You can use a solr_query expression in a SELECT statement to retrieve Solr data from Cassandra. In this release, CQL Solr queries are suitable for clusters having a single node, but not recommended for production-level queries which are better suited for the Solr HTTP API. Using the Solr HTTP API is faster than using CQL. Using the Solr HTTP API, the read request goes directly to Cassandra. Using CQL, the read request first goes to Solr. A document ID, an unordered bit set, is returned. Next, the request goes to Cassandra.

Synopsis

SELECT <select expression>
 FROM <table>
 [WHERE solr_query = '<search expression>' [LIMIT <n>]

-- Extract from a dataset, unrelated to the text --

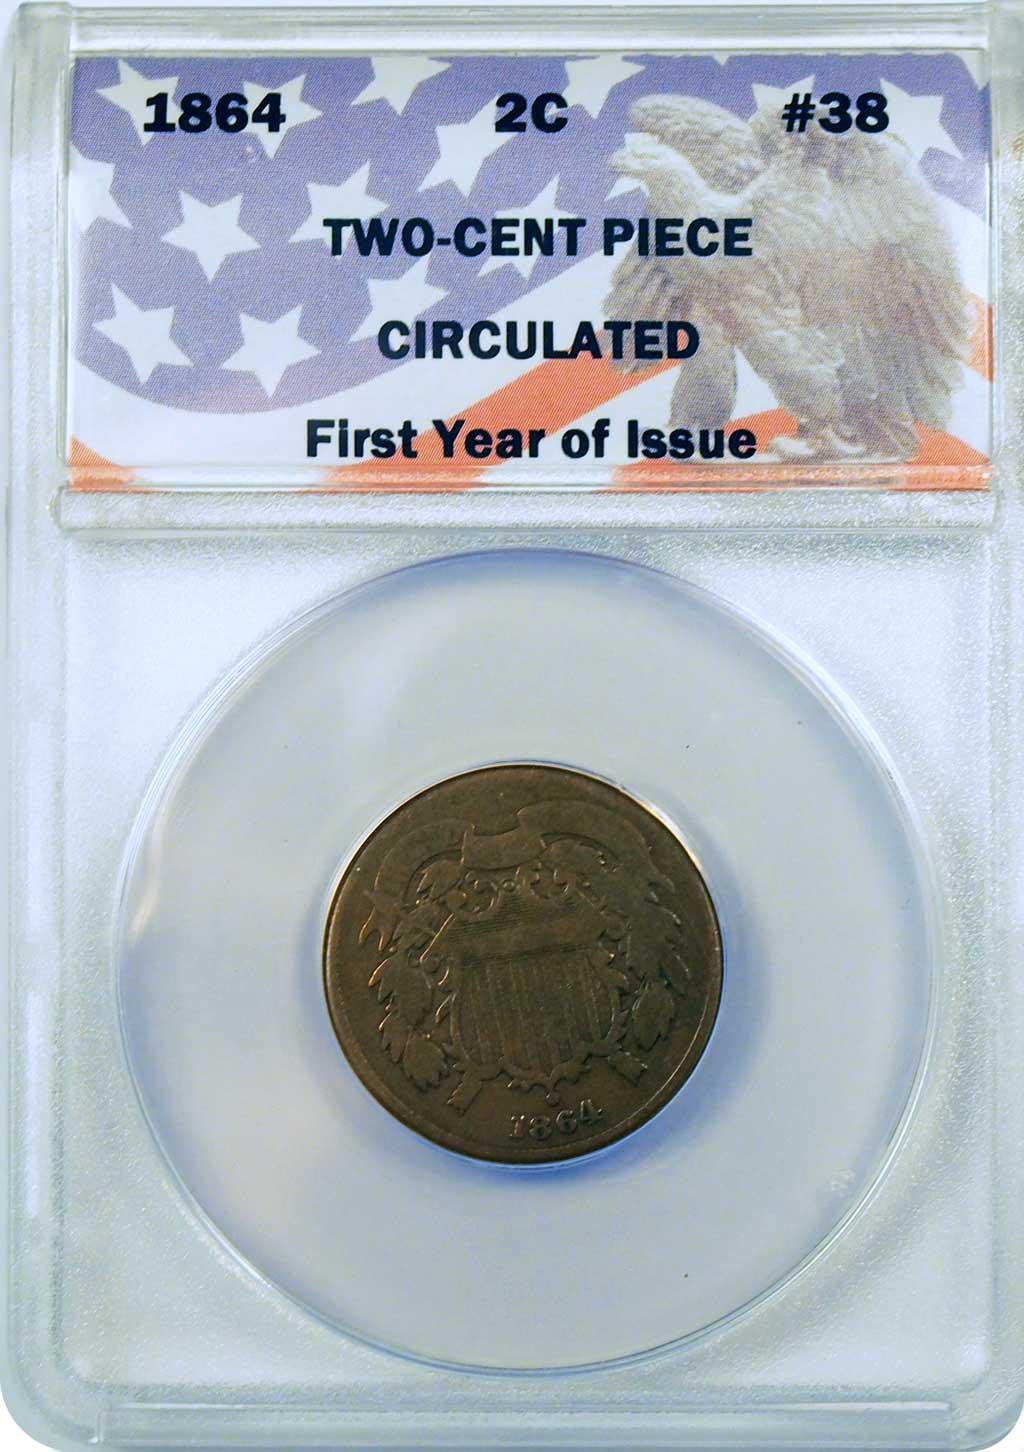 CollecTons Keepers #38: 1864 Two-Cent Piece Certified in Exclusive ANACS Holder

<search expression> syntax is a Solr query string that conforms to the Lucene syntax and Solr query syntax. You enclose the Solr query string in single quotation marks. For example, after running the wikipedia demo you can use these Solr query strings:

Type of Query Example Description
Field search 'title:natio* AND Kenya' You can use multiple fields defined in the schema: 'title:natio* AND body:Carlos Aragonés'
Wildcard search 'Ken?a' Use ? or * for single or multi-character searches.
Fuzzy search 'Kenya~' Use with caution, many hits can occur.
Phrase search '"American football player"' Searches for the phrase enclosed in double quotation marks.
Proximity search '"football Bolivia"~10' Searches for football and Bolivia within 10 words of each other.
Range searches 'title:[football TO soccer}' Supports both inclusive and exclusive bounds using square brackets and curly braces, respectively.
Term boosting '"football"^4 "soccer"' By default, the boost factor is 1. Must be a positive number.
Boolean operator '+Macedonian football' AND, +, OR, NOT and - can be used.
Grouping '(football OR soccer) AND Carlos Aragonés' Use parentheses to group clauses.
Field grouping 'title:(+football +"Bolivia")' Use parentheses to group multiple clauses into one field.

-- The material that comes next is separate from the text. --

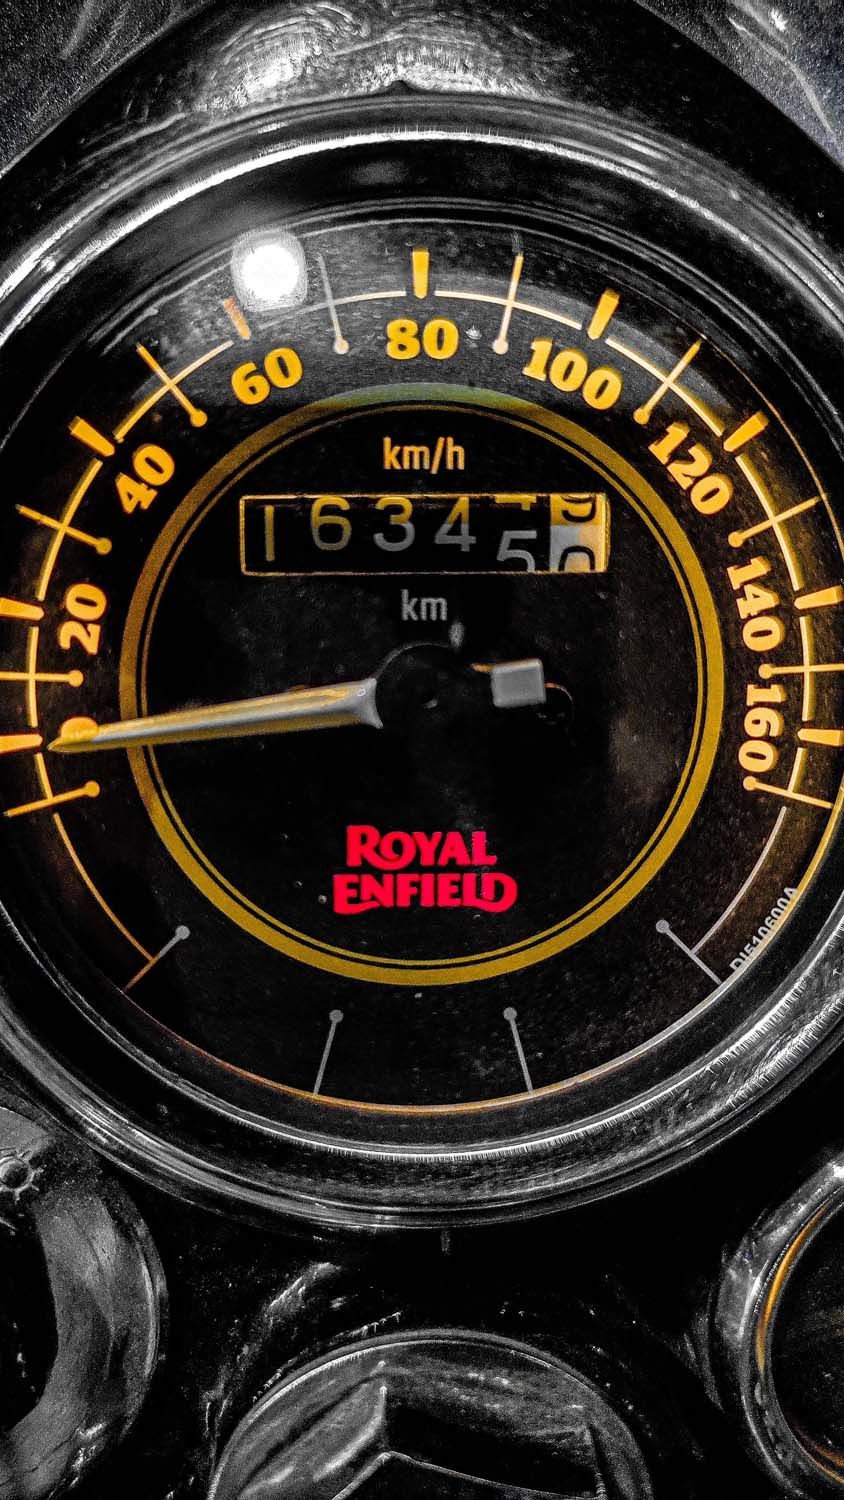 Royal Enfield Photos Download The BEST Free Royal Enfield Stock Photos  HD  Images

A SELECT expression reads one or more records from a Cassandra table and returns a result-set of rows. Each row consists of a partition key and a collection of columns corresponding to the query. Unlike the projection in a SQL SELECT, there is no guarantee that the results will contain all of the columns specified. An error does not occur if you request non-existent columns.

CQL Example

To query the Wikipedia demo search results:

  1. Connect to the cqlsh. On the Mac, for example:

    cd <install_location>/bin
    
    ./cqlsh
    
  2. Use the wiki keyspace and include the solr_query expression in a CQL select statement to find the titles in the table named solr that begin with the letters natio:

    use wiki;
    
    SELECT title FROM solr
      WHERE solr_query='title:natio*';
    

    The output, sorted in lexical order, appears:

     title
    --------------------------------------------------------------------------
                                           Bolivia national football team 2002
      List of French born footballers who have played for other national teams
                                           Bolivia national football team 1999
                                           Bolivia national football team 2001
                                           Bolivia national football team 2000
                                      Israel men's national inline hockey team
                                         Kenya national under-20 football team
    

Delete by query

After you issue a delete by query, documents start getting deleted immediately and deletions continue until all documents are removed. For example:

Delete the mykeyspace.mysolr data that you inserted in the Using DSE Search/Solr example. On the command line:

curl http://localhost:8983/solr/mykeyspace.mysolr/update --data
  '<delete><query>*:*</query></delete>' -H
  'Content-type:text/xml; charset=utf-8'

You do not have to post a commit command in the update command as you do in OSS, and doing so is ineffective.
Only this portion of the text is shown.